Reverse address entries

Steven Carr sjcarr at gmail.com
Tue Jul 2 13:52:44 UTC 2013


On 2 July 2013 14:42, Sam Wilson <Sam.Wilson at ed.ac.uk> wrote:
> Can anyone here give examples of the types of various software that will
> not operate without a PTR record?

There have already been numerous listings of software that require
reverse lookups. SMTP being the main one.

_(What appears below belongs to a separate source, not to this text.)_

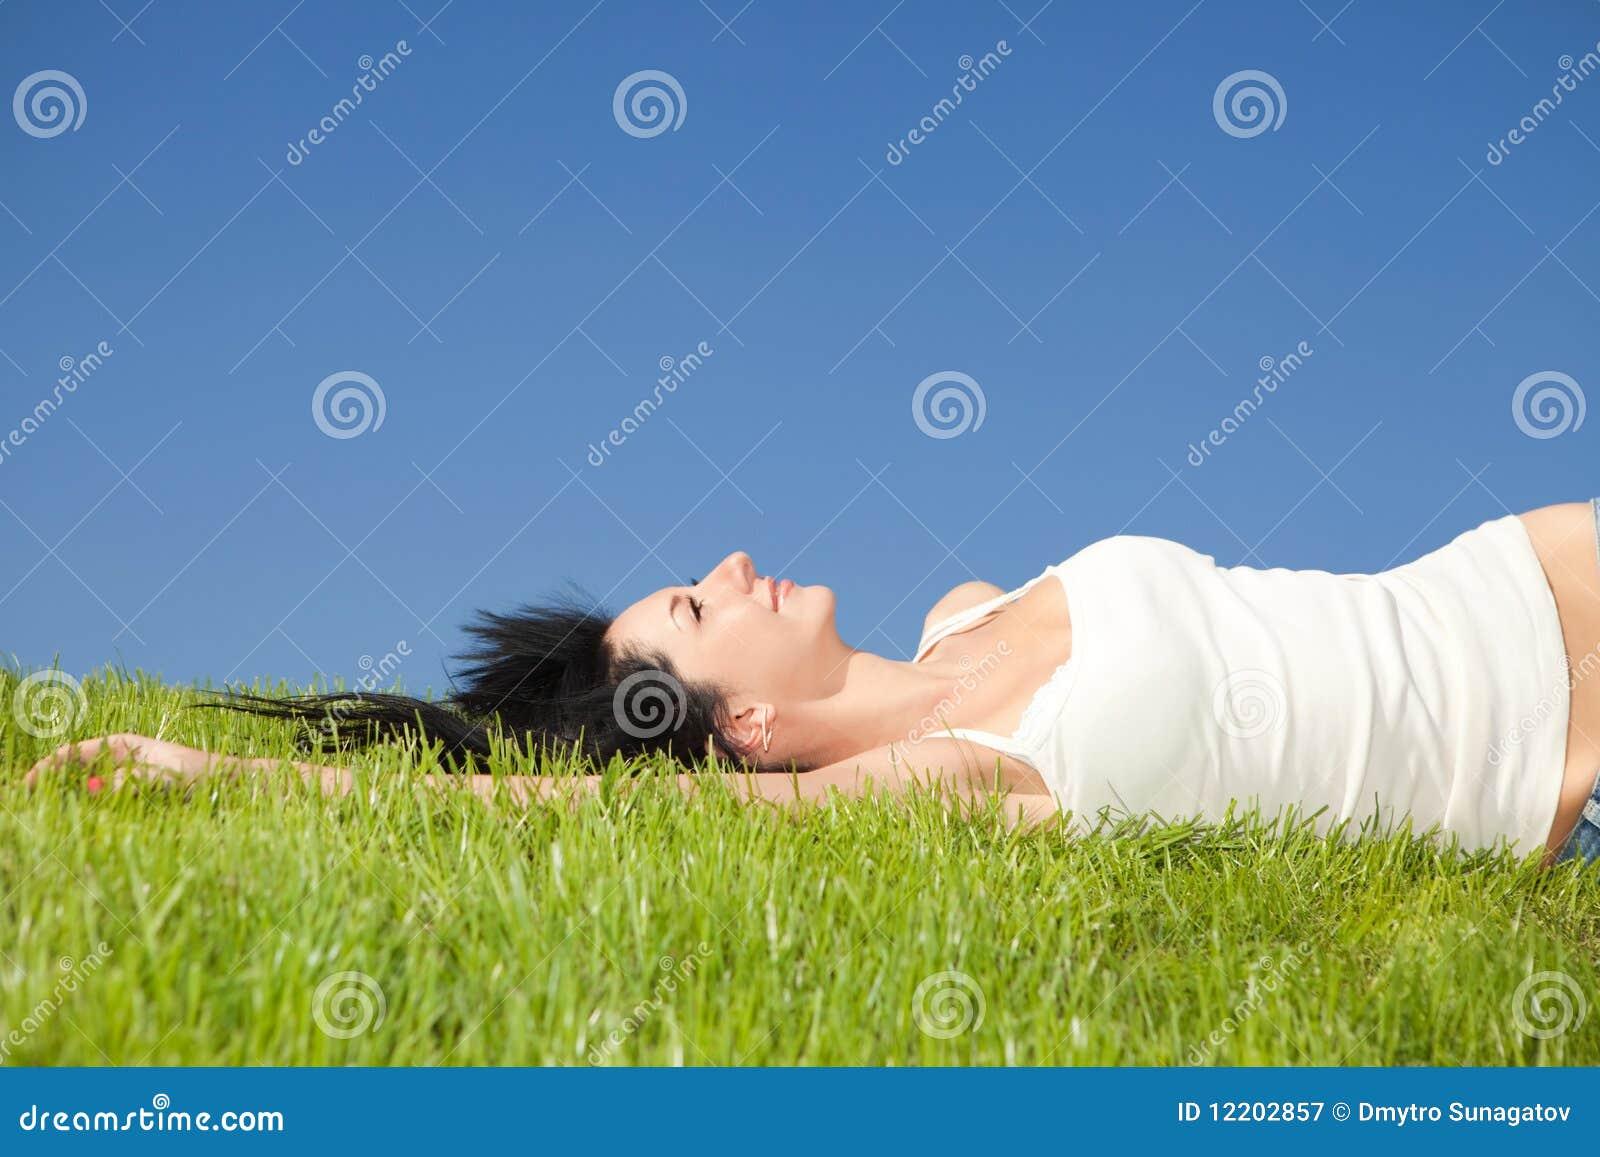 Glücklicher Frauenrest auf dem grünen Gras

Other services like IRC and
some databases (Oracle/MySQL) can also be configured to require
properly working reverse lookups.

> I agree that if PTR records exist then they should match an A record.
> My experience (and IIRC correctly the word of several RFCs) is that PTRs
> are not required for most things to work.

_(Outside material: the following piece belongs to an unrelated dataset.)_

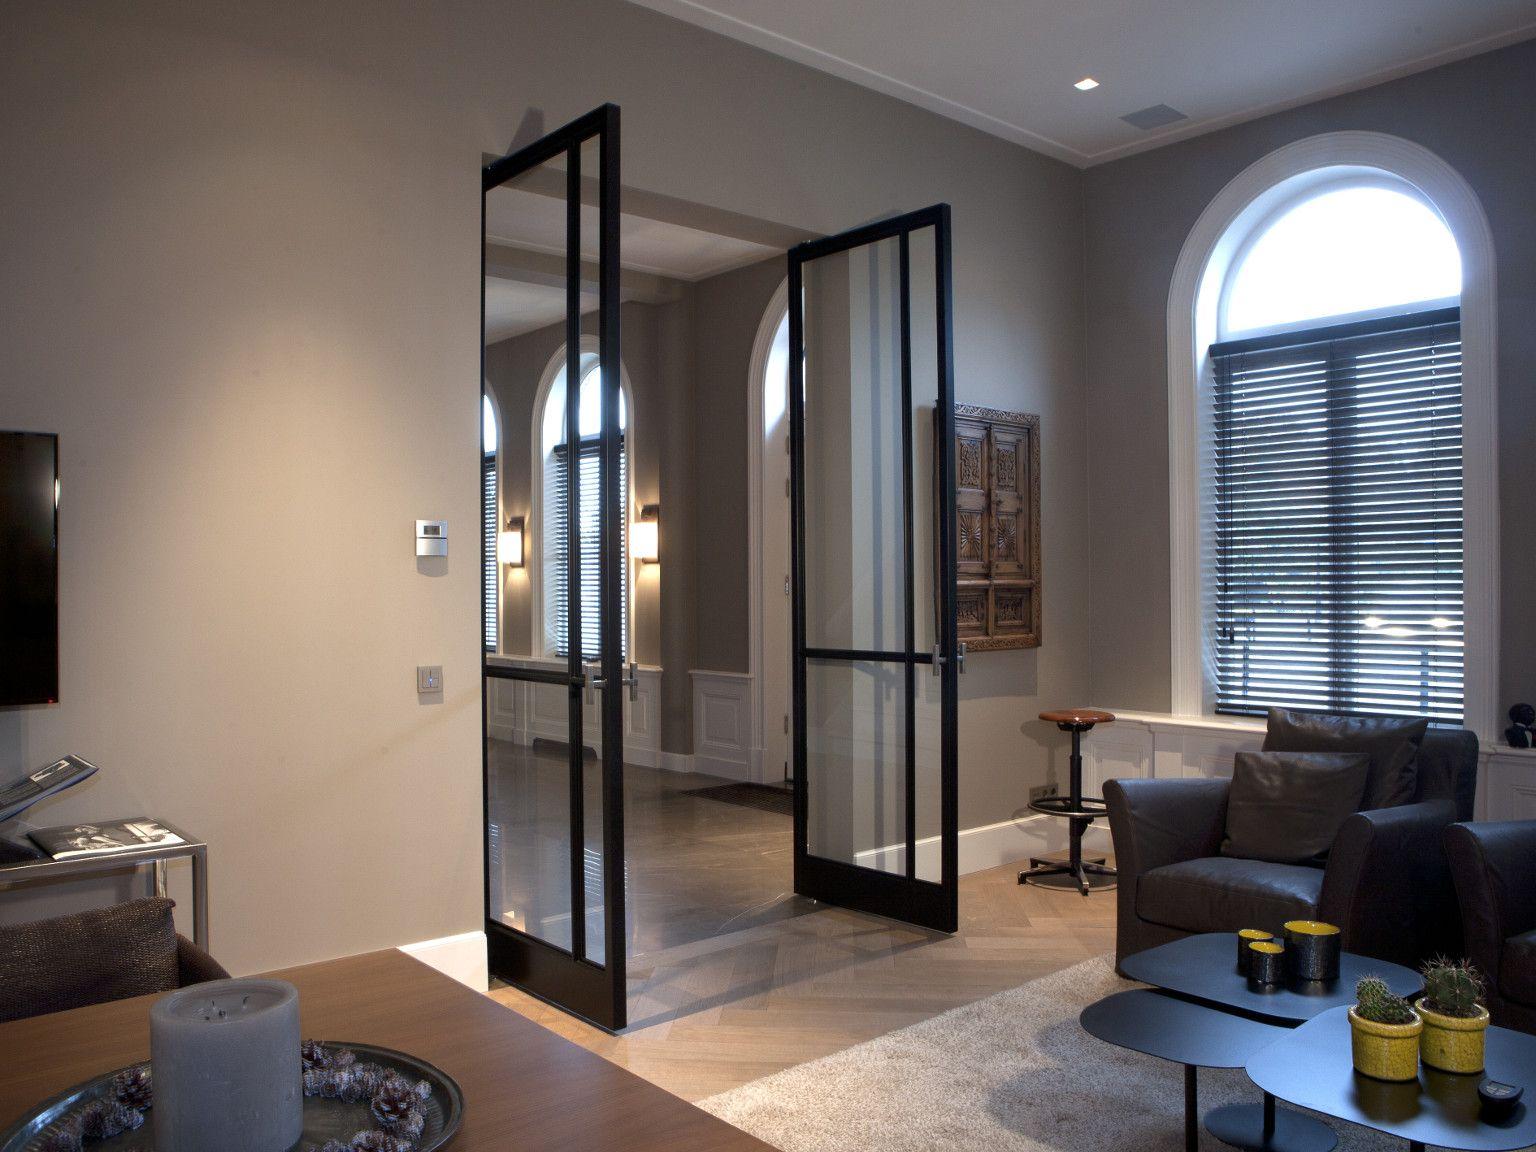 Voor een project in amsterdam mochten wij een stijlvolle woning

RFC1912 [http://tools.ietf.org/html/rfc1912] section 2.1...

Every Internet-reachable host should have a name... Make sure your PTR
and A records match.  For every IP address, there should be a matching
PTR record in the in-addr.arpa domain.  If a host is multi-homed,
(more than one IP address) make sure that all IP addresses have a
corresponding PTR record (not just the first one). Failure to have
matching PTR and A records can cause loss of Internet services similar
to not being registered in the DNS at all.  Also, PTR records must
point back to a valid A record, not a alias defined by a CNAME.